(Saved data entries)

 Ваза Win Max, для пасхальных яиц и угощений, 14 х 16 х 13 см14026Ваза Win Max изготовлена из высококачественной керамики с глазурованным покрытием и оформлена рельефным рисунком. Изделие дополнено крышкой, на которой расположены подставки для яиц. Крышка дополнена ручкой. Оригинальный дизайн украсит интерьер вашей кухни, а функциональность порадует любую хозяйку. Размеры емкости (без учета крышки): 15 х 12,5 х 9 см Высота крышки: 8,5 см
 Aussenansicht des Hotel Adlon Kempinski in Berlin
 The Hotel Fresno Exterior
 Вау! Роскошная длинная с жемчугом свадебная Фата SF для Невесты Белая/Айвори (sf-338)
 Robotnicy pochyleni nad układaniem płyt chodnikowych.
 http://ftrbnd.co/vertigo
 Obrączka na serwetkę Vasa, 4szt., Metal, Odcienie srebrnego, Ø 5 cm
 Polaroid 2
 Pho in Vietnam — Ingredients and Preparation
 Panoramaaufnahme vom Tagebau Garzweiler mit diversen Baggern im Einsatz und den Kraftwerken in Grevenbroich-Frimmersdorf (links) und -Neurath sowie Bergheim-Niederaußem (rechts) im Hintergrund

**Exercise:** Search the entries for the line holding "Pho in Vietnam — Ingredients and Preparation". Return that line and the ones after it through the last, exactly.

**Output for this exercise:**
 Pho in Vietnam — Ingredients and Preparation
 Panoramaaufnahme vom Tagebau Garzweiler mit diversen Baggern im Einsatz und den Kraftwerken in Grevenbroich-Frimmersdorf (links) und -Neurath sowie Bergheim-Niederaußem (rechts) im Hintergrund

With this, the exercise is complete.